Idaho Governor Brad Little submitted a petition to the U.S. Fish and Wildlife Service to remove grizzly bears in the “Lower 48” United States from the Endangered Species Act and recognize states’ successful efforts to recover and manage grizzly populations.
“Bureaucratic gridlock is keeping healthy grizzly populations on the threatened species list unnecessarily. When there’s no exit for healthy grizzly populations from the Endangered Species Act, it’s time to demand a reset,” Governor Brad Little said. “For decades, Idaho, our sister states, tribes, local governments – and especially our rural communities – have invested considerable resources in this effort, and they have shouldered much of the burden of rebuilding grizzly bear populations.”
Delisting is an important, and long overdue, recognition of these major roles Idaho and its neighboring states Montana, Wyoming and Washington have played in grizzly bear recovery by growing the population from a few hundred bears in 1975 to currently over 2,000 bears across four states. Grizzlies in the U.S. and Canada now number around 60,000 bears.
The U.S. Fish and Wildlife Service’s 1993 grizzly bear recovery plan for the Lower 48 outlined a phased strategy that allowed individual populations to be delisted from the Endangered Species Act as each met recovery goals while work continued on other populations. Grizzly bears in the Greater Yellowstone Area have met federal recovery criteria for two decades, since 2002.

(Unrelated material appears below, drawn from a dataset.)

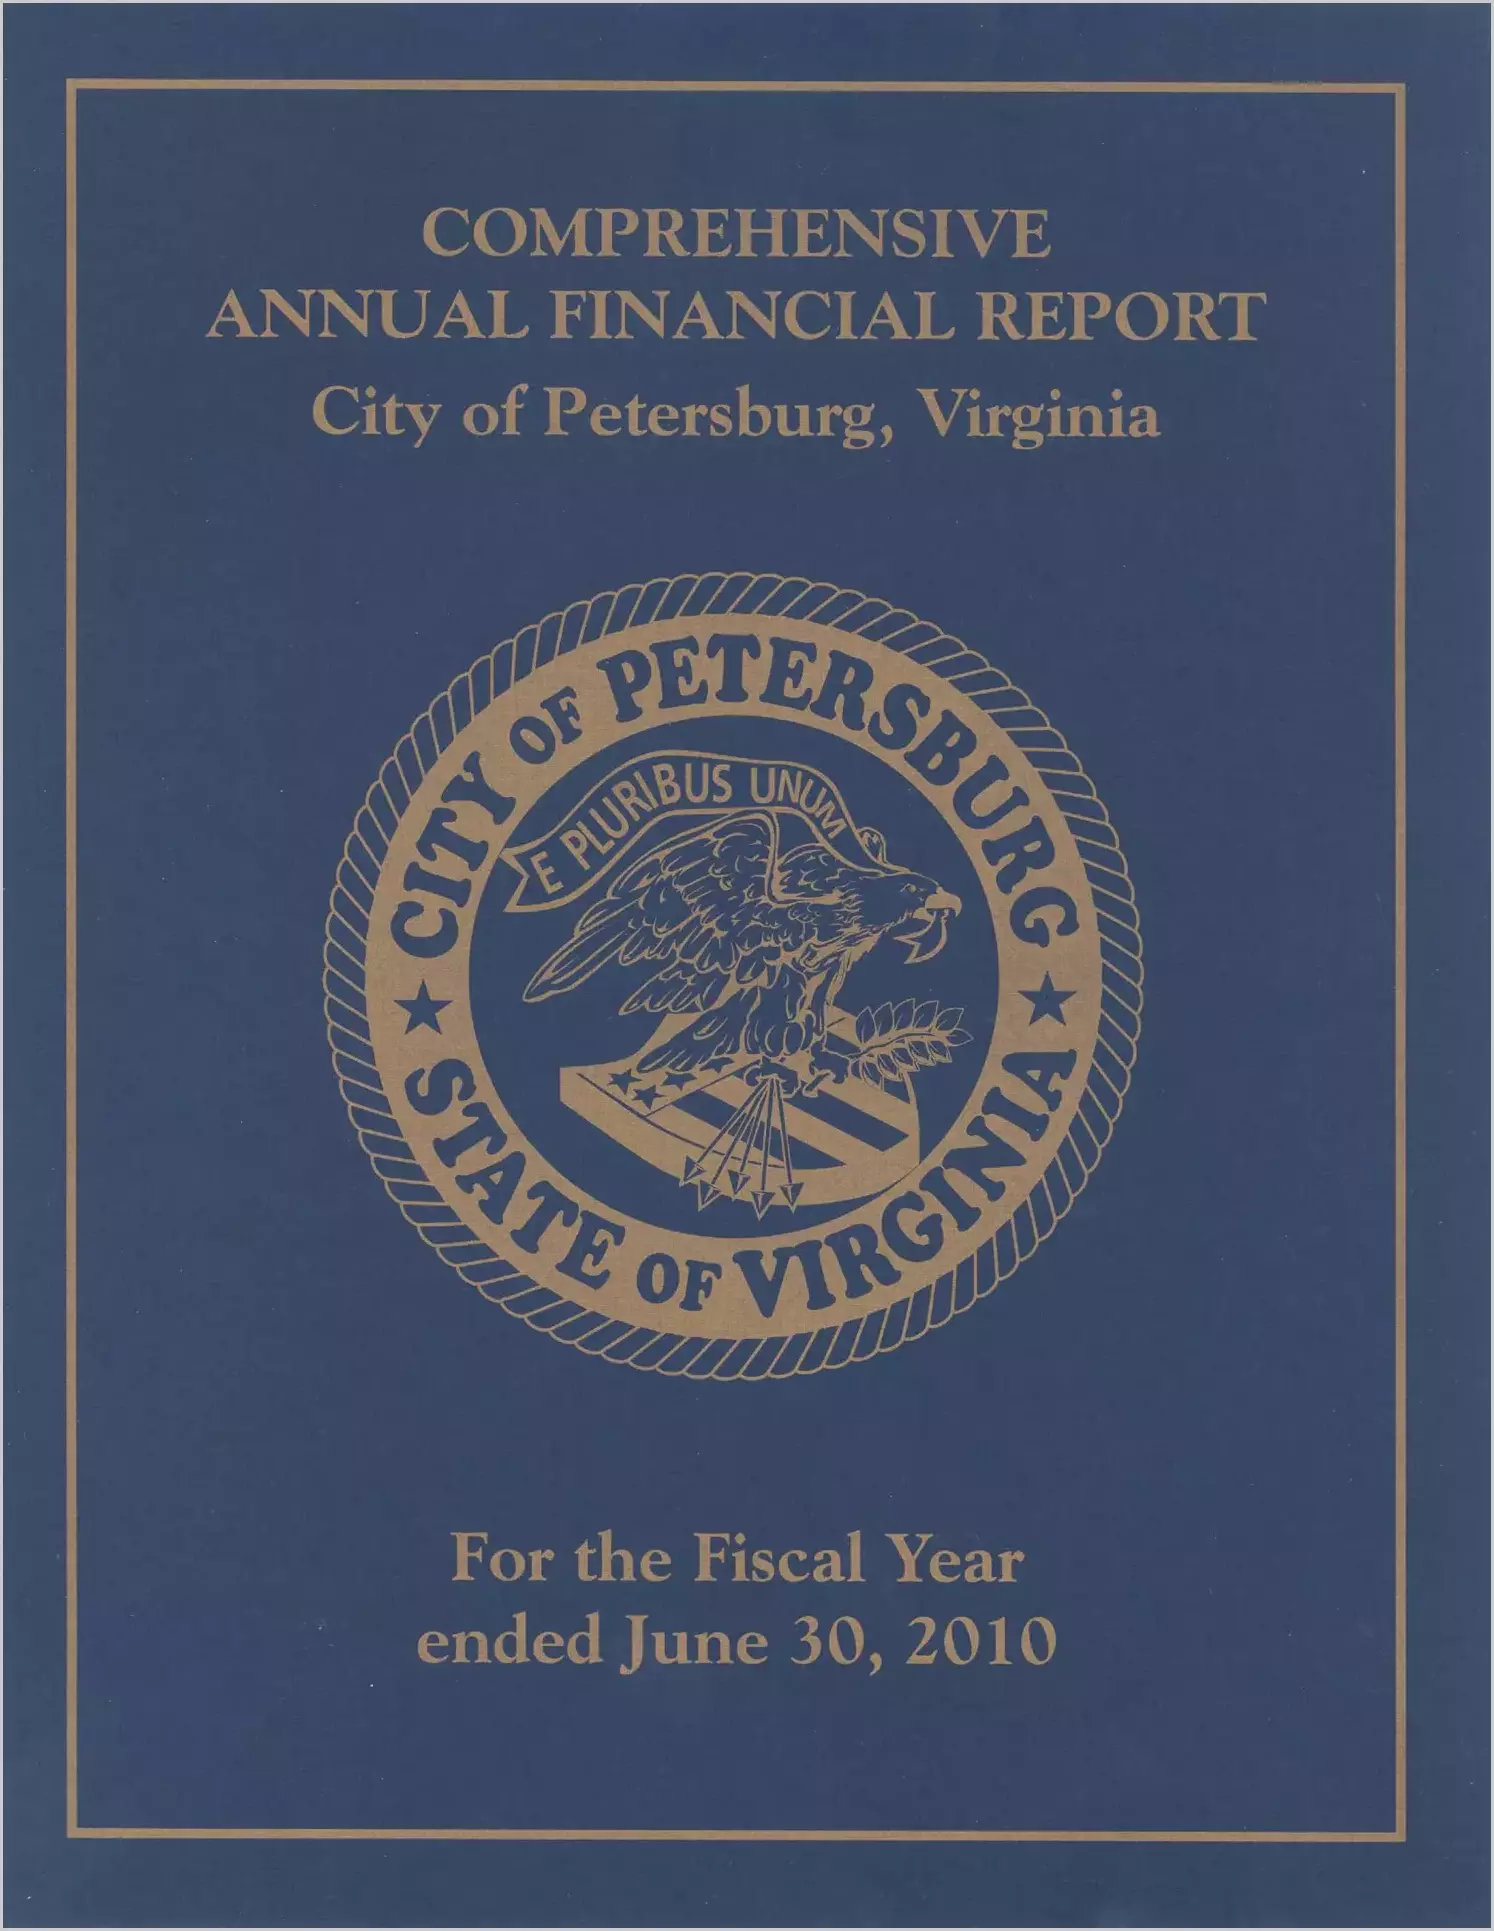 2010 Annual Financial Report for City of Petersburg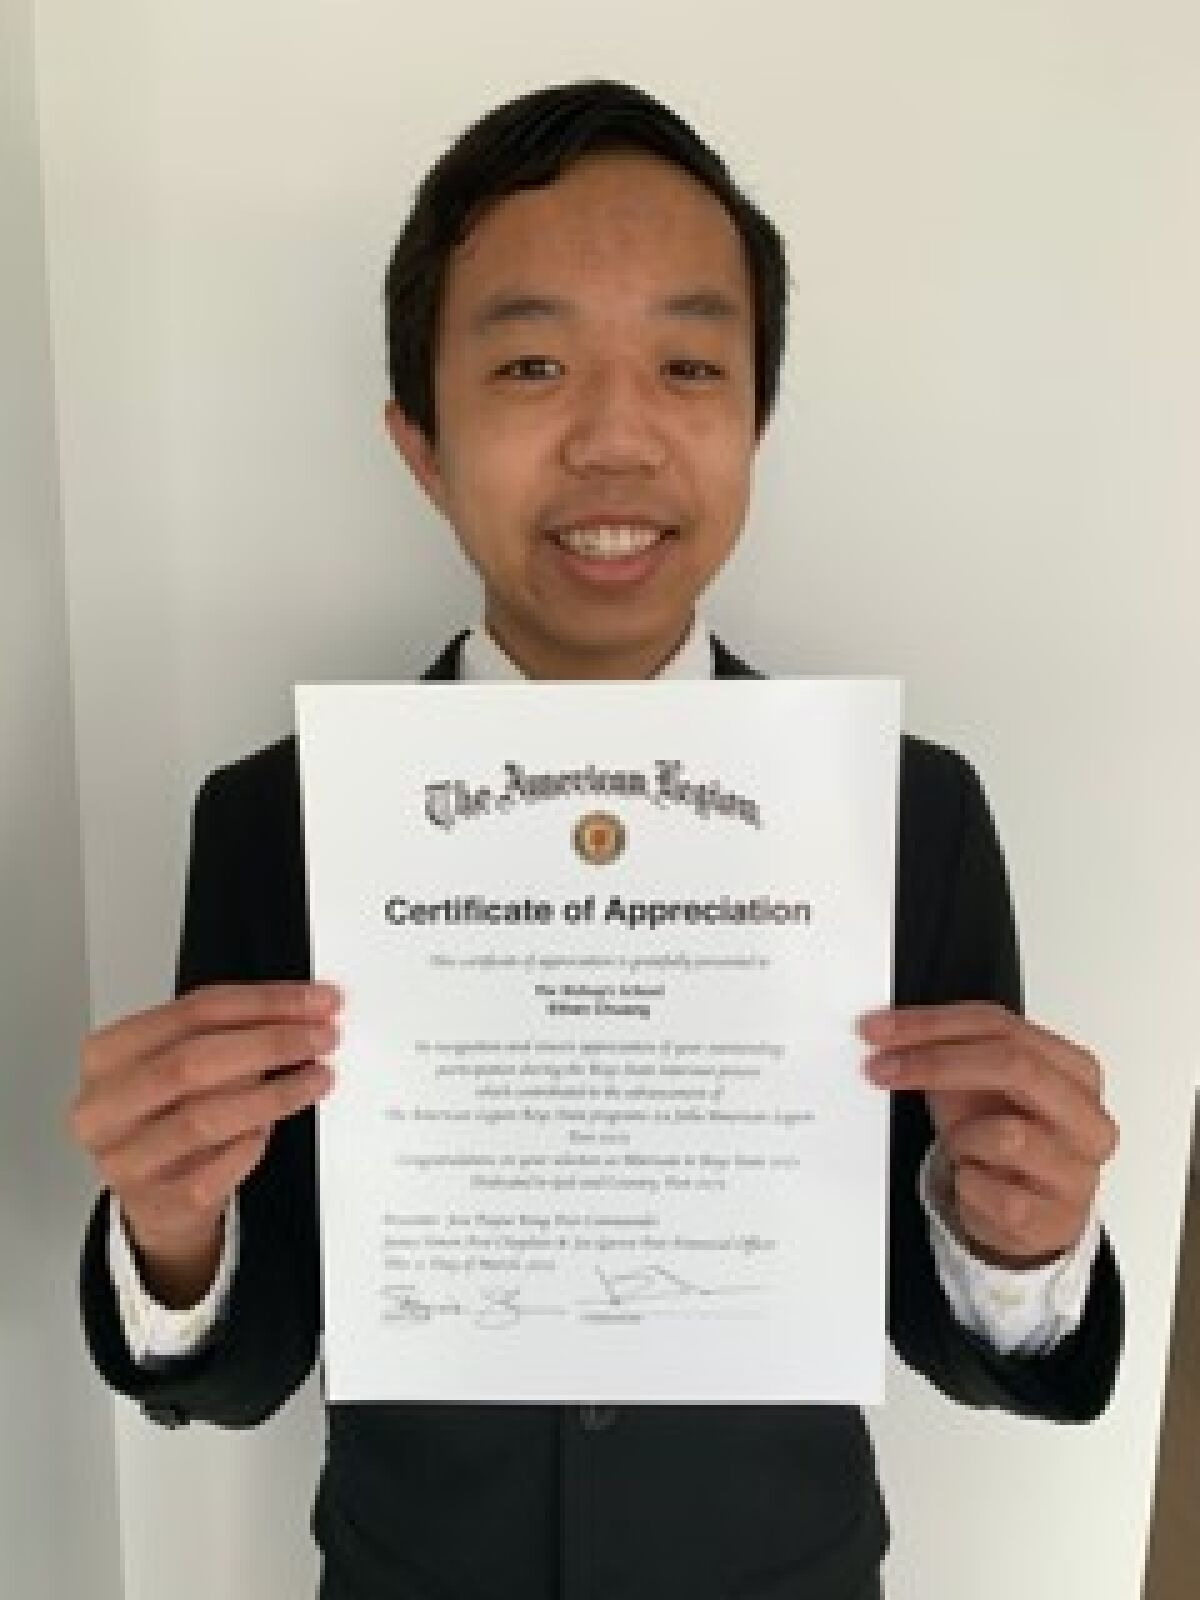 The Bishop’s School student Ethan Chuang will join seven other La Jolla students at the upcoming American Legion Boys State.

However, a combination of court cases and federal administrative changes to delisting procedures have tied the process in knots and have continued to move the delisting goal line. Recent court decisions have led Idaho to conclude that how the bears were listed nationwide back in 1975 is now standing in the way of sensible conservation and delisting.
“We have repeatedly shown through this process we can reach a goal line, but a flawed delisting process fails to recognize our successes,” Fish and Game Director Ed Schriever said.
Idahoans have repeatedly made sacrifices in their efforts to boost grizzly populations and shouldered the challenges of living among bears. These burdens include considerable investment of time and resources in a wide array of conservation measures, as well as restrictions on our outdoor livelihoods, rural living, recreation, and the risk of injury that comes with living with bears.